Expressway merging bottlenecks are major sources of traffic congestion, where insufficient coordination among multiple traffic streams leads to severe flow disruptions. Although variable speed limits (VSL) and ramp metering (RM) are commonly used to mitigate congestion, their independent operation and mismatched control scopes often result in suboptimal outcomes. To address this, this study proposes a coordinated VSL–RM strategy based on multi-agent deep reinforcement learning. The control task is modeled as a Markov Decision Process (MDP), allowing joint policy learning between decentralized VSL and RM agents. A customized Multi-Agent Deep Deterministic Policy Gradient (MADDPG) algorithm is employed to dynamically optimize coordination policies. To bridge the gap between discrete VSL and continuous RM action spaces, the Gumbel-Softmax Trick (GST) is integrated into the learning process for differentiable hybrid action optimization.
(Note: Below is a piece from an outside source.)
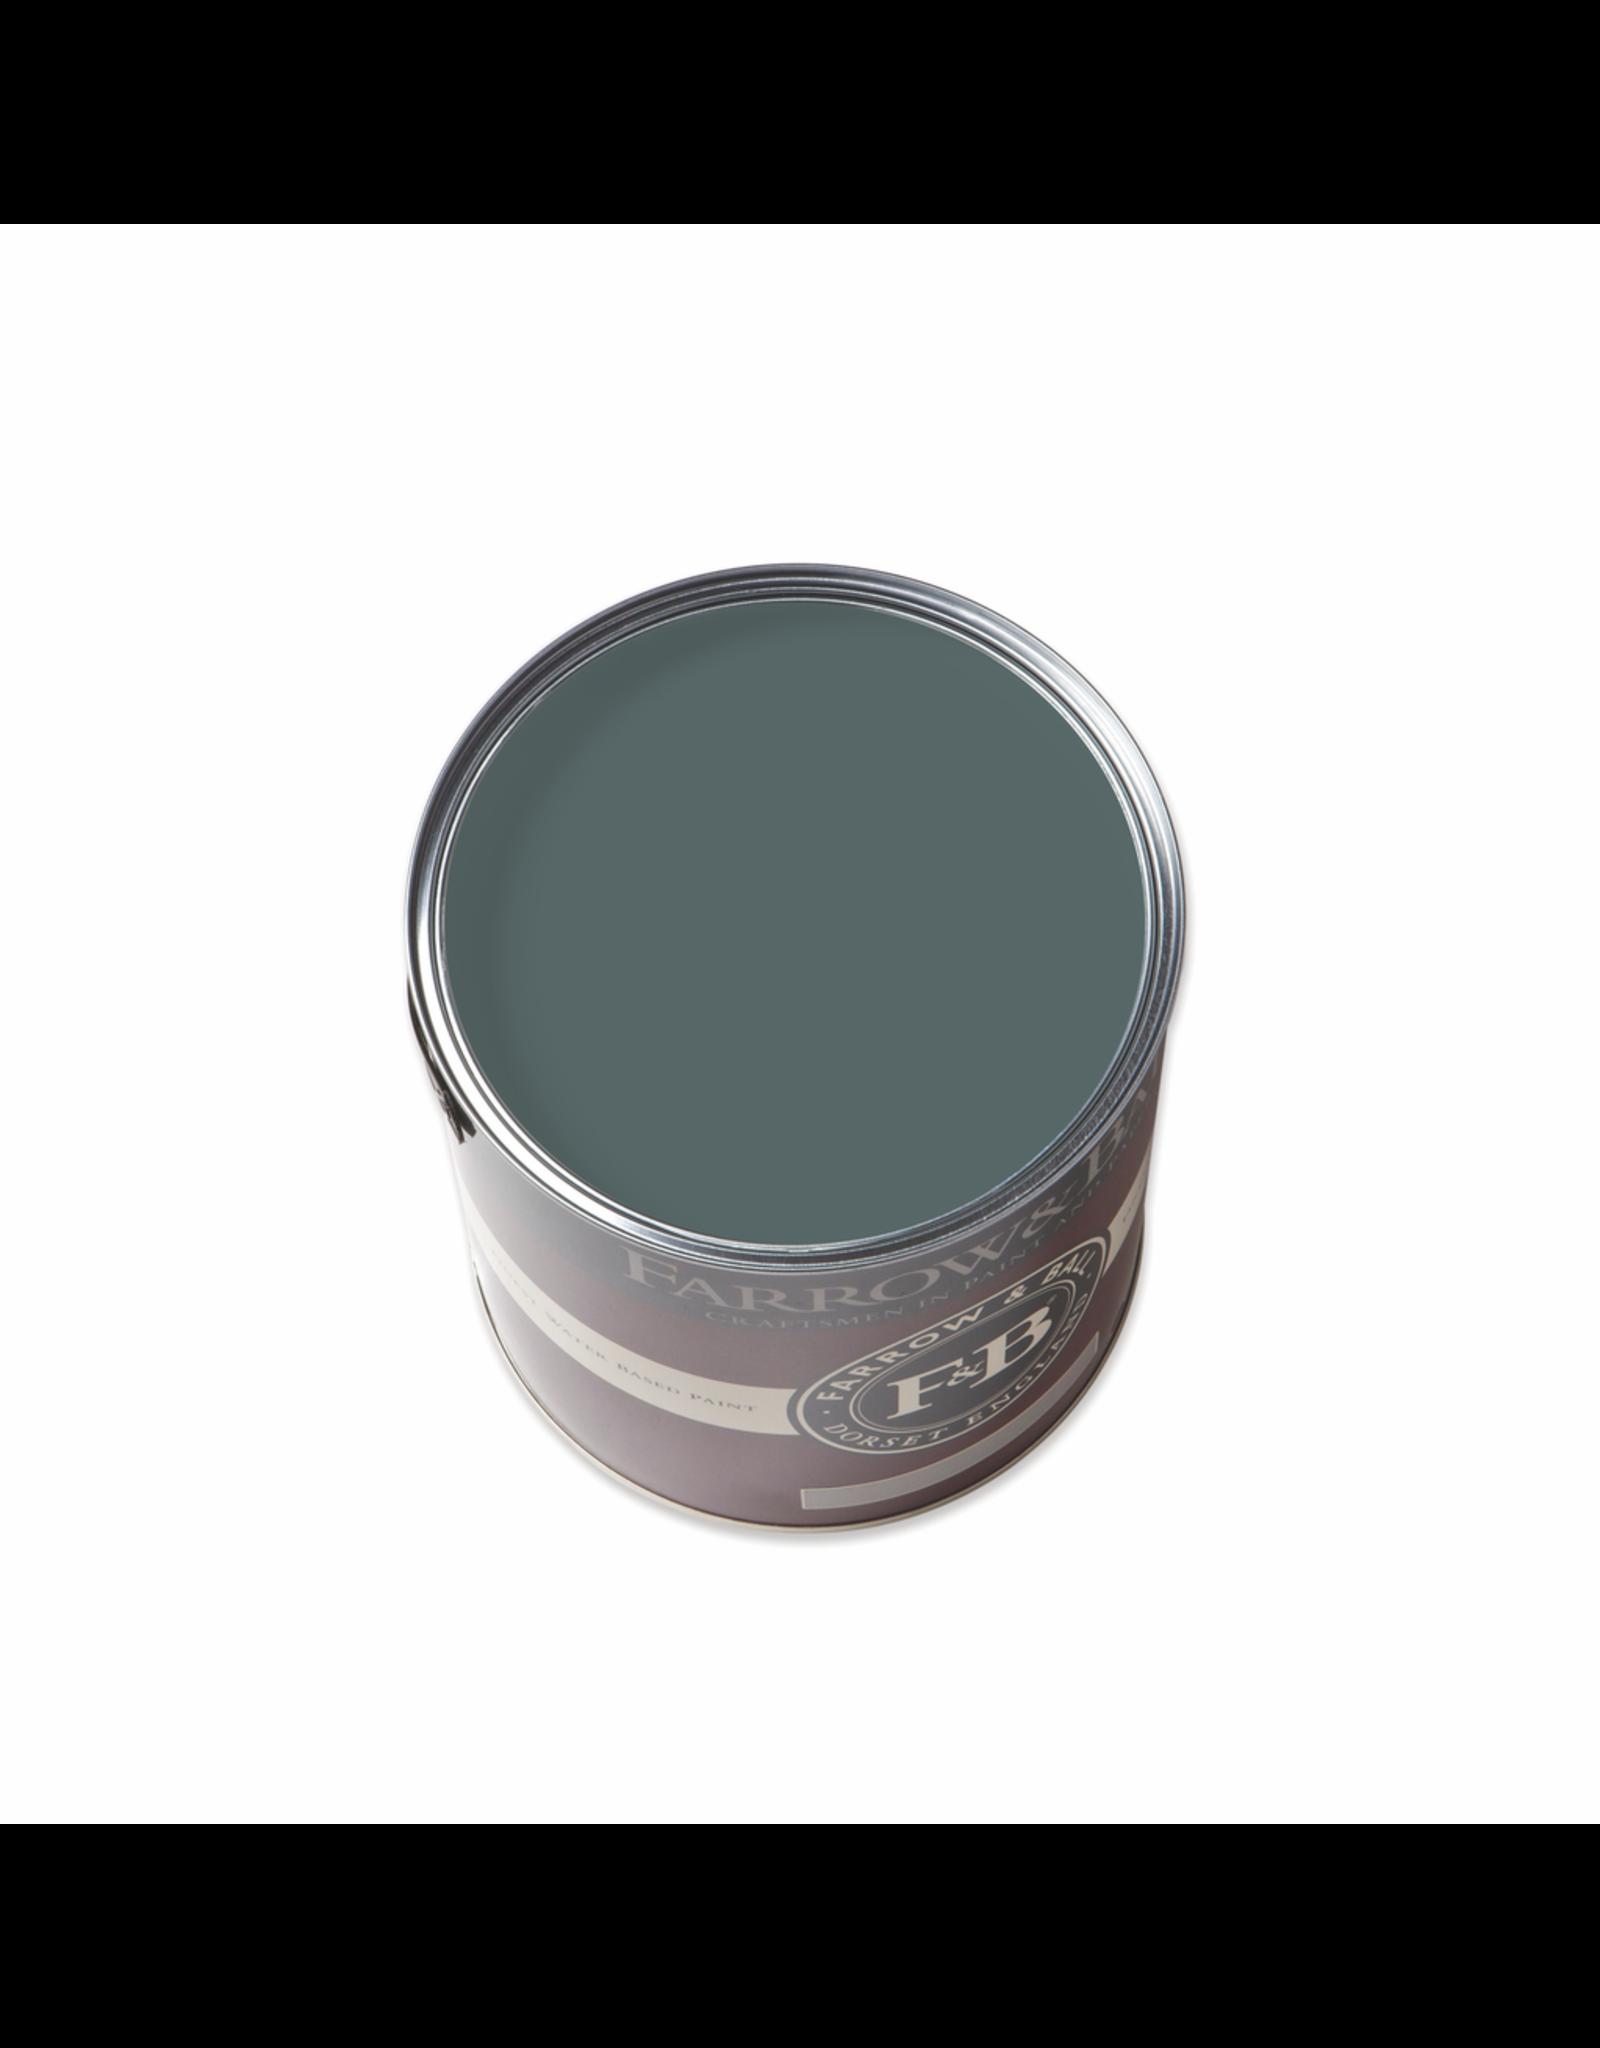 Farrow and Ball US Gallon Modern Emulsion Inchyra Blue No.289
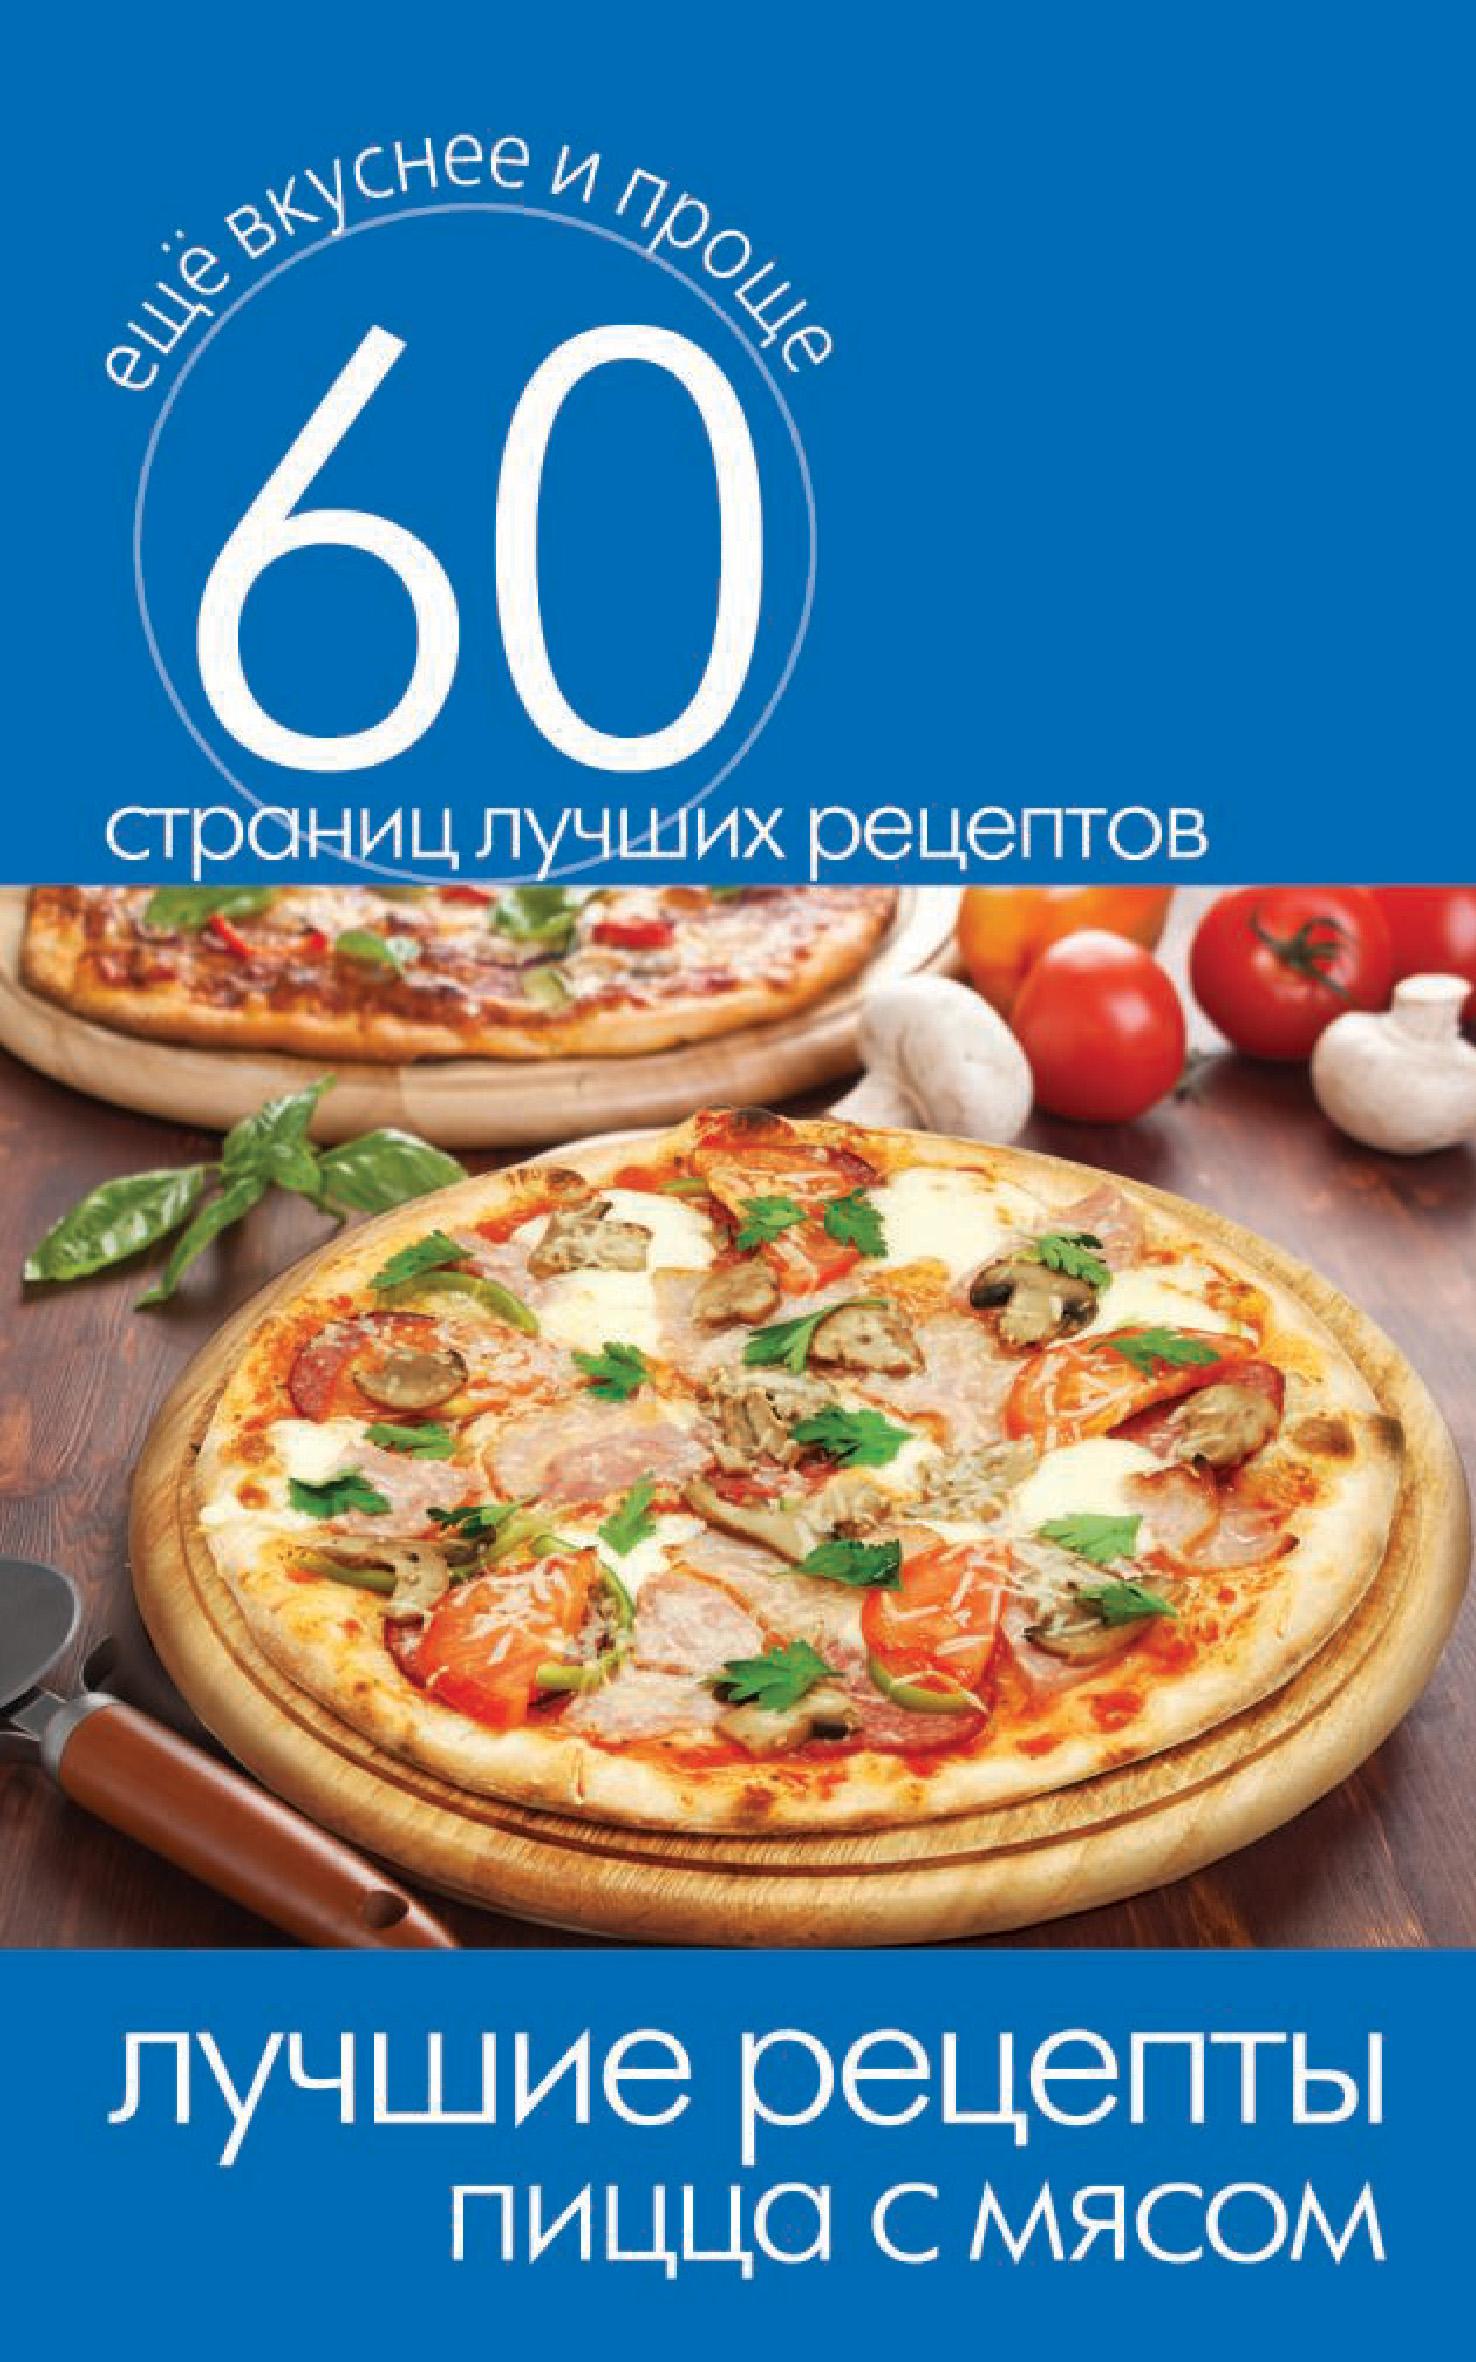 Отсутствует Лучшие рецепты. Пицца с мясом семенда с избавляемся от холестерина лучшие рецепты и методики

Additionally, a transfer learning mechanism is incorporated to ensure efficient policy adaptation across diverse traffic scenarios. Simulation results under varying demand levels show that the proposed strategy achieves 7.3 %–34.1 % improvements in traffic efficiency and stability compared to traditional methods. It also demonstrates strong transferability, reducing retraining time by up to 63.7 % and traffic delays by up to 62.7 %, while maintaining robust control under overspeed disturbances and control lag conditions.

查看原文本刊更多论文

协调可变限速和匝道计量的madpg - gst：一种缓解瓶颈拥堵的混合行动深度强化学习方法

高速公路合流瓶颈是造成交通拥堵的主要原因，多个交通流之间的协调不足会导致严重的交通中断。虽然可变速度限制（VSL）和匝道计量（RM）通常用于缓解拥塞，但它们的独立操作和不匹配的控制范围经常导致次优结果。为了解决这个问题，本研究提出了一种基于多智能体深度强化学习的协调VSL-RM策略。控制任务被建模为马尔可夫决策过程（MDP），允许分散的VSL和RM代理之间的联合策略学习。采用自定义多智能体深度确定性策略梯度（madpg）算法对协调策略进行动态优化。为了弥合离散VSL和连续RM动作空间之间的差距，Gumbel-Softmax技巧（GST）被集成到可微分混合动作优化的学习过程中。此外，还结合了迁移学习机制，以确保在不同的交通场景中有效地适应策略。在不同需求水平下的仿真结果表明，与传统方法相比，该策略的交通效率和稳定性提高了7.3 % ~ 34.1% %。它还显示出强大的可转移性，减少了高达63.7 %的再训练时间和高达62.7 %的交通延迟，同时在超速干扰和控制滞后条件下保持鲁棒控制。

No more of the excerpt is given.